Postpartum Running: Myths Debunked

The journey back to running after having a baby is filled with conflicting advice, old wives’ tales, and well-meaning but often misleading information. New mothers deserve to know the truth about postpartum running so they can make informed decisions about their recovery and fitness goals.

Whether you’re an experienced runner eager to lace up your shoes again or someone looking to start a running routine postpartum, understanding the facts versus fiction can make all the difference. This article will debunk the most common myths surrounding postpartum running and provide you with evidence-based guidance for safely returning to the sport you love.

🏃‍♀️ The Six-Week Rule Is All You Need to Follow

Perhaps the most pervasive myth in postpartum running is that once you receive medical clearance at your six-week checkup, you’re automatically ready to run at your pre-pregnancy level. This oversimplification can lead to injuries and setbacks for many new mothers.

The six-week medical clearance typically indicates that your uterus has returned to its normal size and any vaginal or cesarean incisions have healed sufficiently. However, this doesn’t mean your pelvic floor, abdominal muscles, or connective tissues have fully recovered from the demands of pregnancy and childbirth.

Running is a high-impact activity that places significant stress on the pelvic floor with each stride. Research shows that runners experience forces of approximately 2.5 times their body weight with every foot strike. Without proper preparation, this can lead to pelvic floor dysfunction, including incontinence, prolapse, or pain.

What You Should Do Instead

Before returning to running, consider completing a graduated return-to-running program that includes strength training, walking progression, and pelvic floor assessment. Many physiotherapists recommend waiting at least 12 weeks postpartum before attempting to run, though individual timelines vary significantly.

Working with a pelvic floor physiotherapist can help identify any issues that need addressing before you start running. They can assess for diastasis recti, pelvic organ prolapse, and pelvic floor muscle function to ensure you’re truly ready.

You Should Wait Until You Stop Breastfeeding to Run

This myth likely stems from concerns about the hormone relaxin, which increases during pregnancy and remains elevated while breastfeeding. Some believe this makes running too risky due to increased joint laxity and injury risk.

While it’s true that relaxin affects connective tissue, there’s no evidence suggesting that breastfeeding mothers should avoid running entirely. In fact, moderate exercise during breastfeeding has been shown to have no negative effects on milk supply or composition when mothers maintain adequate nutrition and hydration.

Many professional athletes have successfully returned to running while breastfeeding, demonstrating that it’s possible with the right preparation and support. The key is listening to your body and making appropriate adjustments to your training intensity and volume.

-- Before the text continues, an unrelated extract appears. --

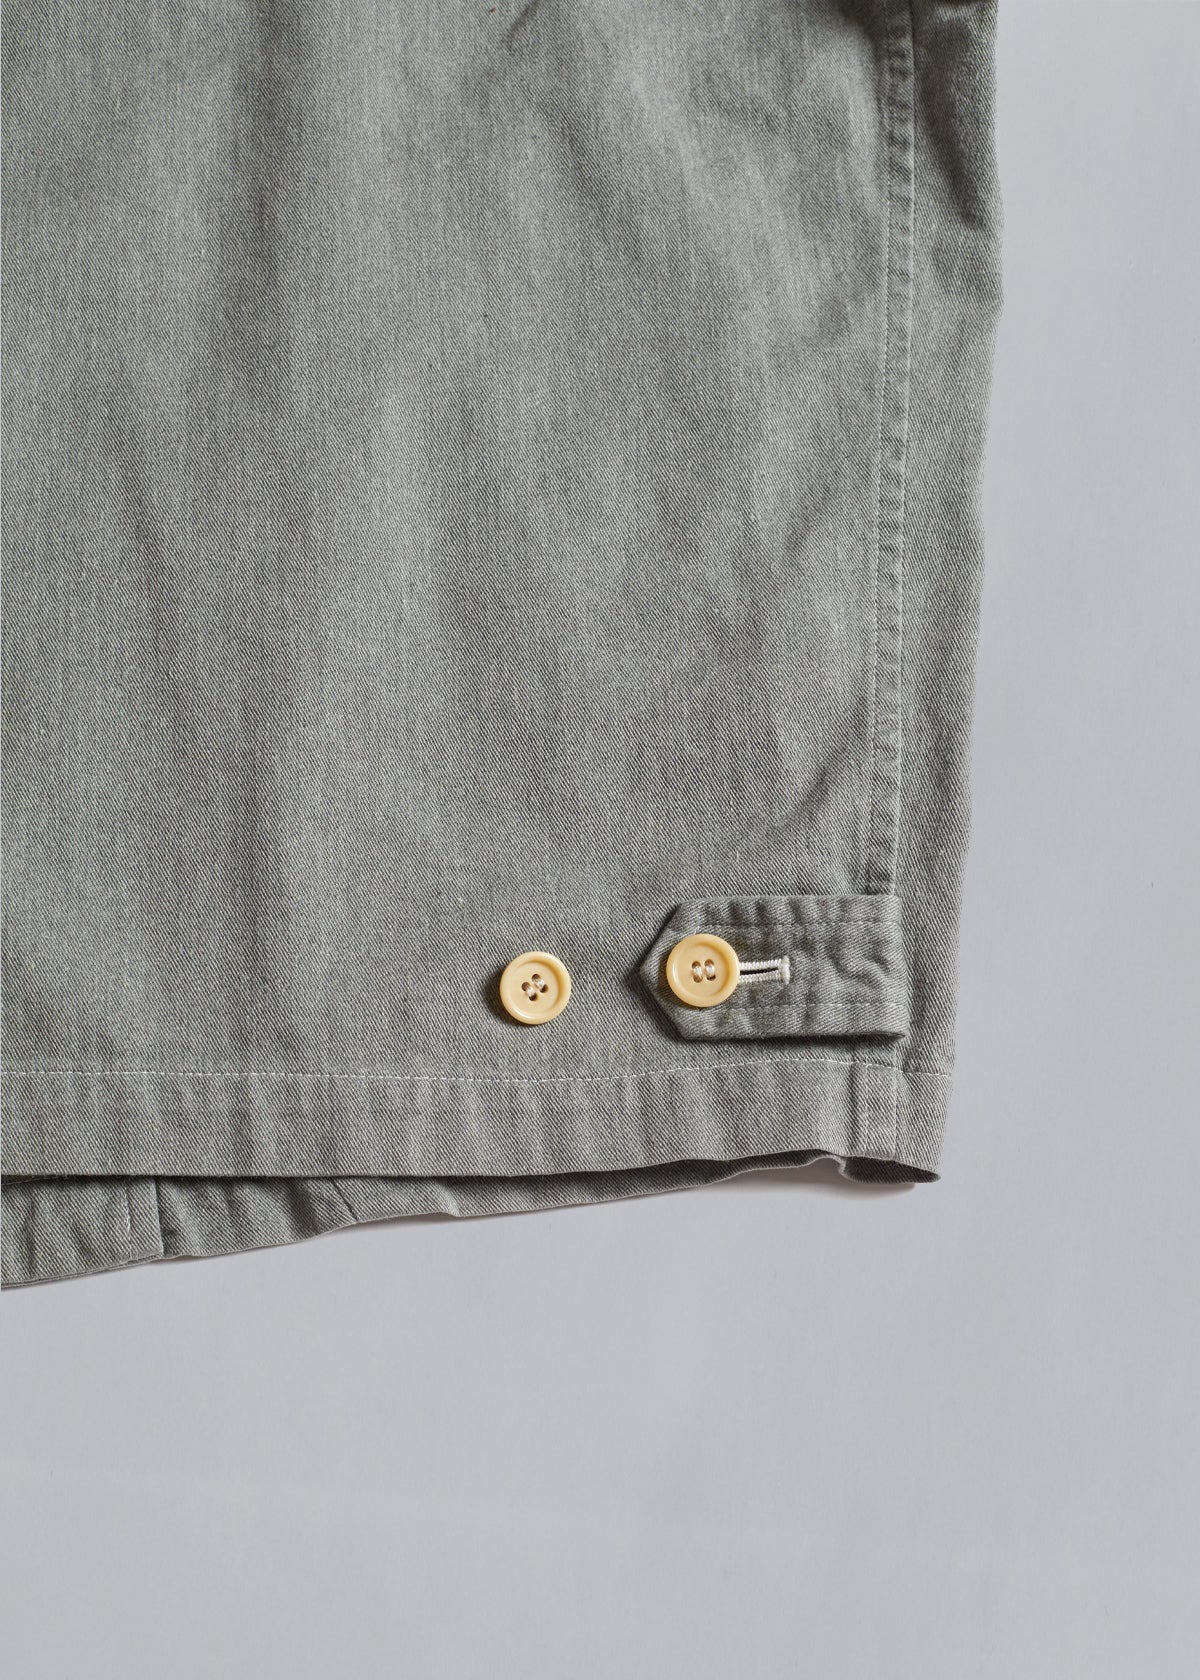 Homme Grey Cotton Zip Work Jacket 1988 - Medium - The Archivist Store

Making Running Compatible with Breastfeeding

If you choose to run while breastfeeding, invest in a high-quality sports bra designed for nursing mothers. Running after feeding or pumping can increase comfort significantly. Stay well-hydrated and ensure you’re consuming enough calories to support both exercise and milk production.

Some mothers report temporary decreases in milk supply when they resume intense training, but this is typically related to inadequate calorie intake or dehydration rather than the exercise itself.

🤱 Running Will Damage Your Pelvic Floor Permanently

On the opposite end of the spectrum, some sources suggest that running postpartum will inevitably cause permanent pelvic floor damage. This fear-based messaging can discourage mothers from pursuing activities they love and may prevent them from experiencing the mental and physical health benefits of running.

The truth is more nuanced. Running can stress the pelvic floor, especially if you return too soon or without proper preparation. However, with appropriate rehabilitation, strength training, and a gradual progression, many women can return to running without experiencing pelvic floor dysfunction.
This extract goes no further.